Ils facilitent les choses. «Identification d'une zone cérébrale qui inhibe la peur et l'anxiété», titrait hier une agence de presse internationale. Là encore: «Turin, stimulation magnétique contre l'anxiété», titrait une agence italienne qui citait «une nouvelle recherche publiée dans la prestigieuse revue scientifique eLite». Puisqu'un « prestigieux » n'est refusé à personne, c'est sûrement notre ignorance qui nous fait penser par exemple à « Scientific American », « Science », « Frontiers in Neuroscience », « Monde » et quelques autres magazines : maintenant nous savons aussi Élite. Intéressant cependant : une lecture superficielle suggérerait une sorte d'interrupteur pour la pathologie du nouveau millénaire (l'anxiété, accompagnée de dépression) qui suffirait à s'éteindre ou à s'allumer dans une zone cérébrale désormais précisément identifiée : voici une solution possible pour les impositions d’une société aux normes de plus en plus rapides, toujours à la recherche de nouveaux buts et objectifs. Ce sera comme ça ? Non, évidemment. Nous sommes trop ignorants, alors faisons le point : l'anxiété existe officiellement plus ou moins depuis la fin du XIXe siècle (généralement Freud) et les premiers médicaments tranquillisants sont apparus après la Seconde Guerre mondiale en raison des dommages psychologiques qu'ils provoquaient sur les masses ; aujourd'hui l'anxiété désigne une complexité d'émotions (peur, appréhension, palpitations, essoufflement, somatisations diverses) et dans d'autres langues on l'appelle aussi angoisse ou phobies diversifiées, panique, le fameux « obsessionnel compulsif » ou « stress post-traumatique » troubles .

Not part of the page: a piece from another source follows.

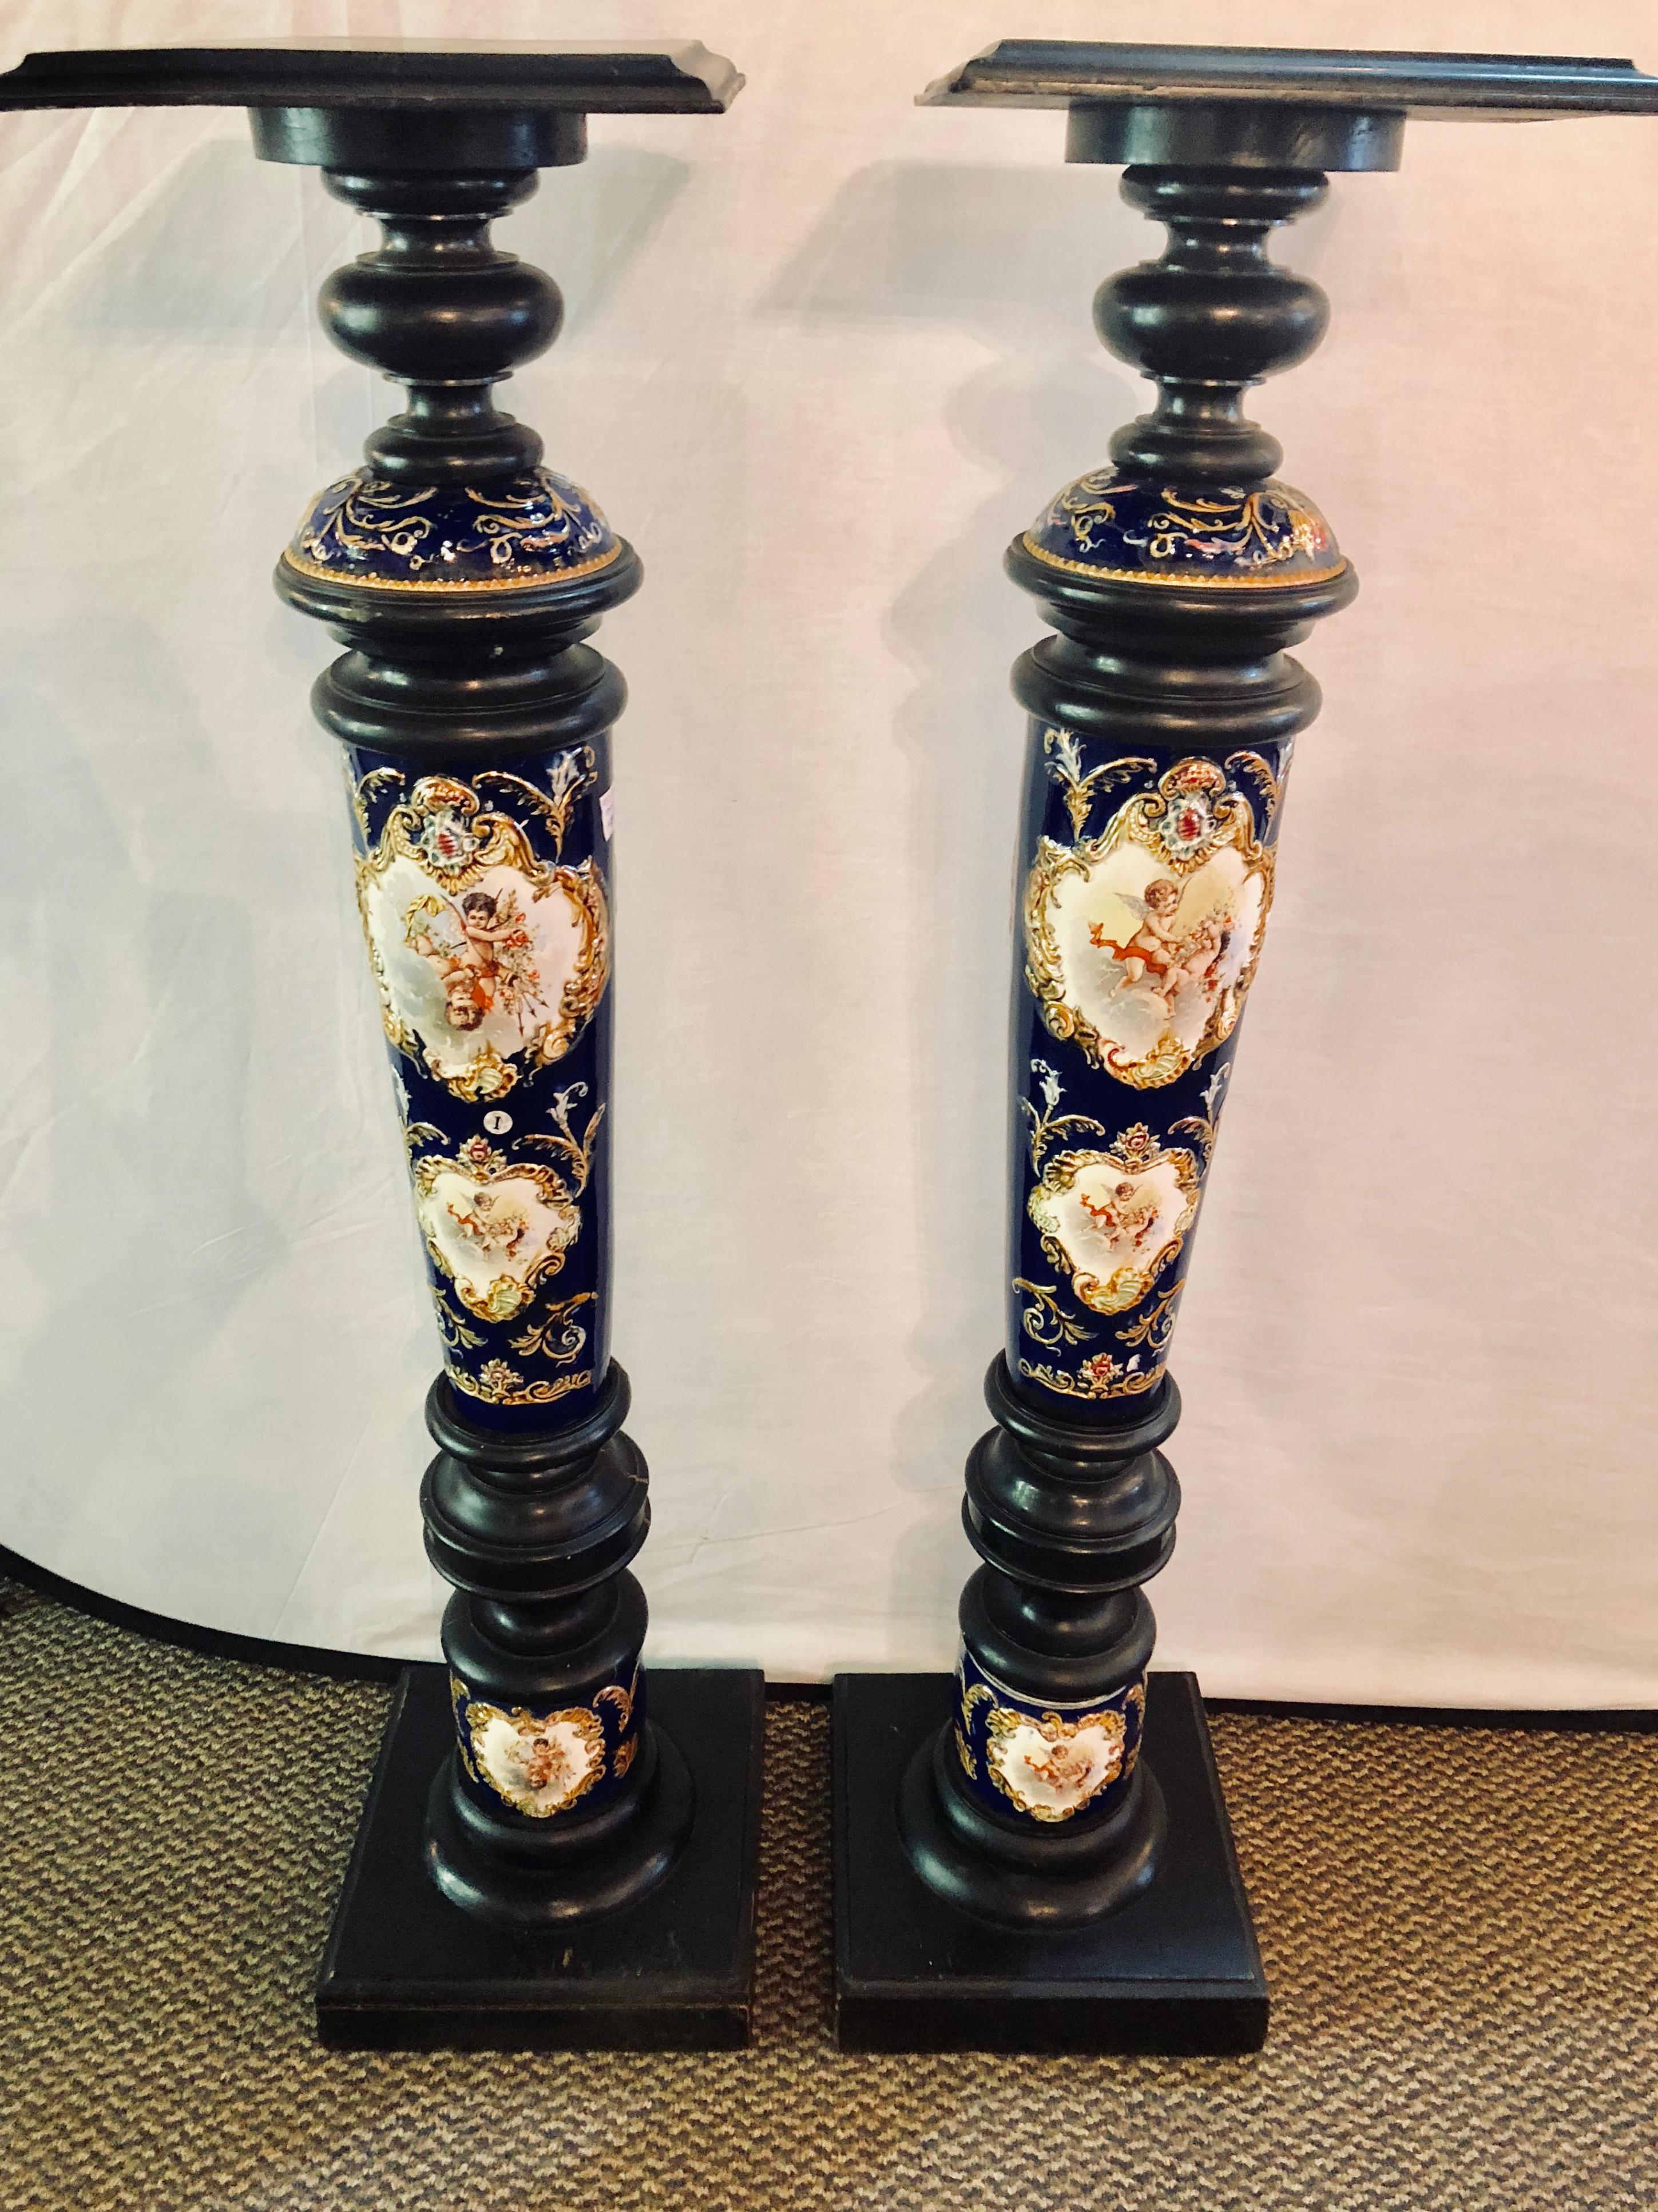 Pair of Royal Vienna Style Porcelain and Ebony Column Pedestals 1

Mais on lit : «Les chercheurs ont appliqué une séance de stimulation magnétique transcrânienne centrée sur le cortex préfrontal antérieur une semaine après que les participants aient appris la valence aversive d'un stimulus». Il s'agit d'un « vieux » TMS, en fait une Stimulation Magnétique Transcrânienne qui est utilisée depuis de nombreuses années par exemple pour restaurer des zones cérébrales altérées par la consommation répétée de cocaïne et pour bien d'autres choses, peut-être trop. Est-ce que ça marche, est-ce que ça a marché ? Oui et non, comme tout remède, et selon que l'on tombe sur un médecin sérieux ou un charlatan. Mais ici, les choses deviennent sérieuses : « Dans cette étude, pour la première fois, le TMS a été appliqué à la partie médiale du cortex préfrontal antérieur, une zone présente presque exclusivement chez l'espèce humaine et chez les primates non humains ». Dans de nombreuses familles de singes, bien sûr. «Lorsque, après la neurostimulation, le stimulus menaçant était de nouveau présenté aux participants, le groupe stimulé présentait des réponses significativement inférieures à celles du groupe témoin soumis à une stimulation placebo». Ici pour bien comprendre il faudrait acheter le magazine, car les réponses « nettement inférieures » ne sont pas quantifiées (la fourchette de pourcentage c'est tout, en recherche statistique) et de toute façon ça n'a pas d'importance, c'est quand même intéressant : «L'atténuation des réponses émotionnelles a persisté de manière durable même à long terme, sans qu'il soit plus nécessaire de recourir à la neurostimulation.»

En bref, malgré le souvenir de l’événement traumatisant, les participants n’ont subi aucun dommage au cortex préfrontal dans cette affaire. Bien. Et à ce stade, de nombreux sujets anxieux, éternellement indécis entre médicaliser chaque état d’esprit ou se résigner à l’anxiété existentielle comme une condition de vie même normale, se demanderaient : et alors ? Et donc, tout d'abord, rendons hommage à une science médicale qui procède par petits pas (surtout lorsqu'elle est grave) et donc aux chercheurs en charge du cas, qui s'appellent Eugenio Manassero, Benedetto Sacchetti et Raffaella Ricci, tous de l'Université de Turin.

Qui dit ceci : «Cette recherche met en lumière un nouvel outil qui pourrait dans le futur être combiné de manière complémentaire et synergique avec d'autres stratégies thérapeutiques pour aider toutes les personnes souffrant d'un trouble anxieux». Complémentaire. Synergique. Autres stratégies. La science médicale avance par petites étapes. Même les très petits. Sans trop d'angoisse.